Friday, May 29, 2009

Speeding Through...

Travel.. the synonym of life.. a journey that only u have to travel.. a path whose destination no one knows.. the turns are hidden.. the curves are curvaceous than expected.. the milestones situated at various points that only u need to cover..

my present journey is lifeless.. soulless. i dont see any milestones around.. i cant see any turns..

suddenly what i feel like is.. a point of time speeding through me.. taking me back into past carries me with itself and rush through the future.. passing exactly from the point where i m standing now.. and i can see myself standing stoned at a point since the age when i thought i can do wonders.. when i thought the time will kneel below me.. when i thought i will prove my existence..

the time carries me on its lap and runs fast..and shows me what i have achieved till present.. makes me realize how i have been through all these phases.. and what i m doing now.. is that what i am supposed to do..? and then swiftly takes a turn and takes me through a dark tunnel.. with bumps and thorns in paths..

i was scared.. i was moved.. i m not used to such pain.. i have never been through all these paths before.. i wanted to stop.. take a pause from that horrifying scene.. but the lights formed like a lightening over me.. the dark path was now showing me an end that was as brightened as the diamond's corner cut.. sparkling and shining..

and then i stop and found myself at a place.. stale.. silent.. motionless.

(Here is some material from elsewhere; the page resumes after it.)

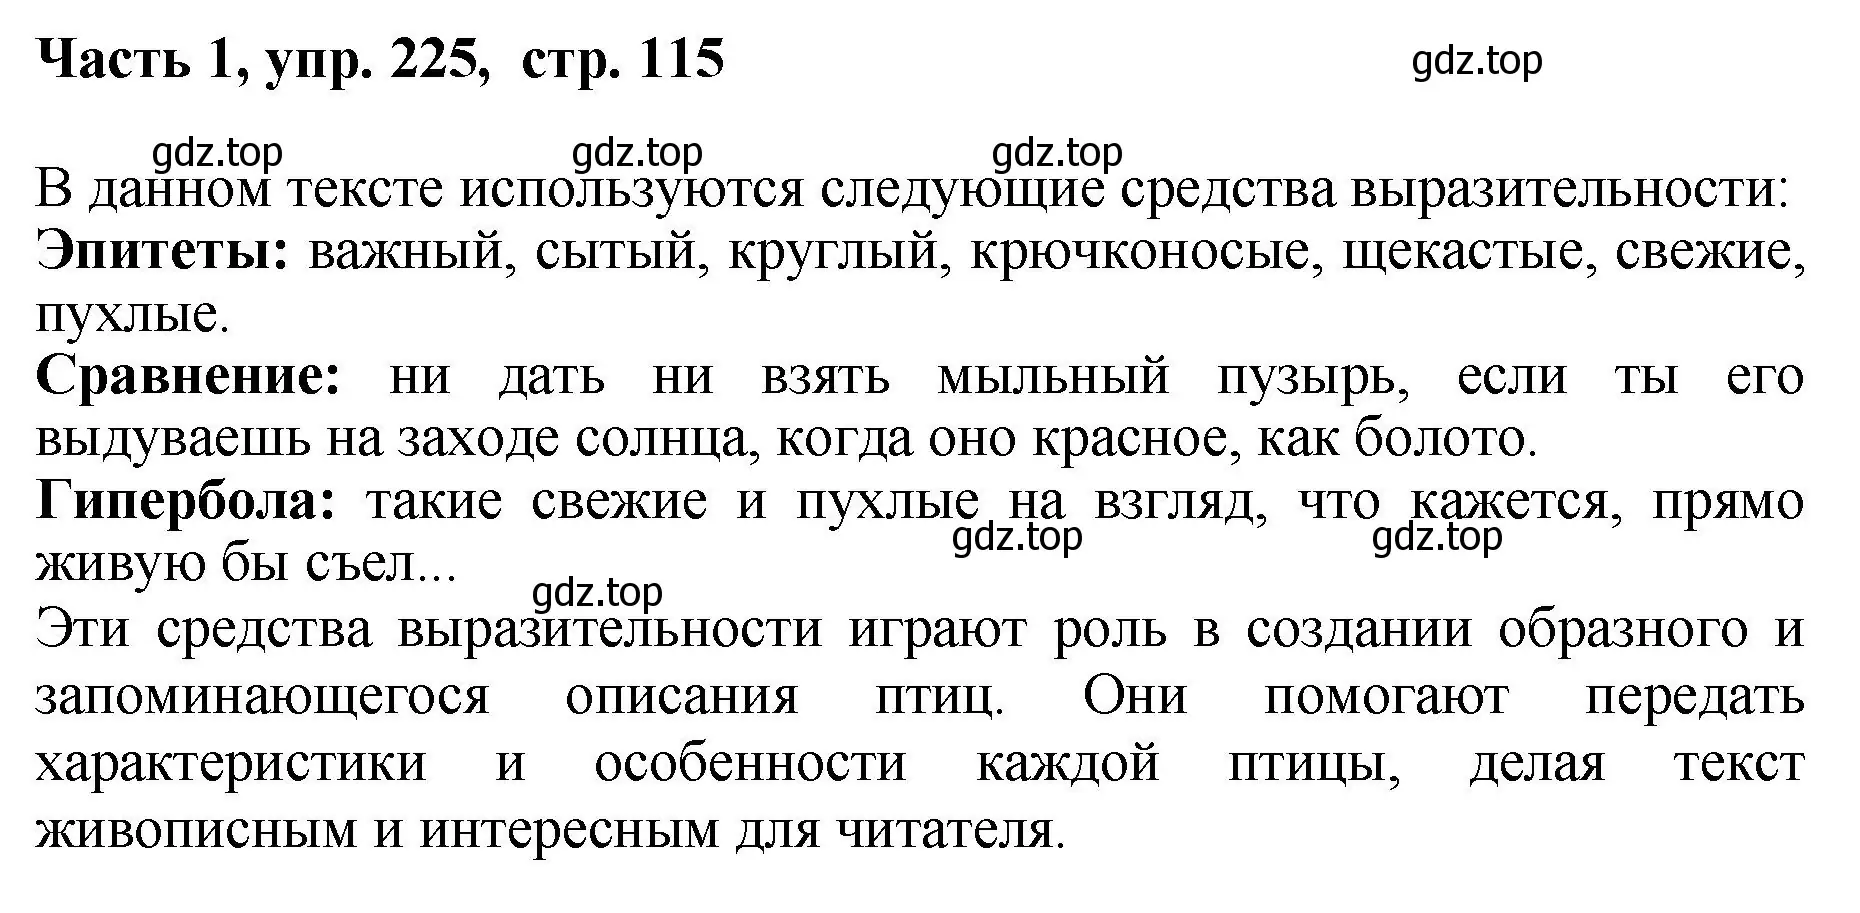 Решение номер 225 (страница 115) гдз по русскому языку 6 класс Баранов, Ладыженская, учебник 1 часть

i realize what i saw.. been to past.. saw myself in the present and moved to future in a whisker.. realized that the aim i want to conquer is a path of darkness that has all the shine in the end.. the fame and ecstasy accompanied with acclaim and recognition is not an easy way.. but the effort u give in to cover that path... will ultimately brighten up.. the way that one wud hv never thought of..

i learned the lesson.. i want to move.. i hv all courage now to face the flips and flops of life.. but the way time is speeding through me.. i just fear of moving so fast.. that if i leave my soul behind.. would i ever be able to collect it back..? 'cuz the journey is only one way...!!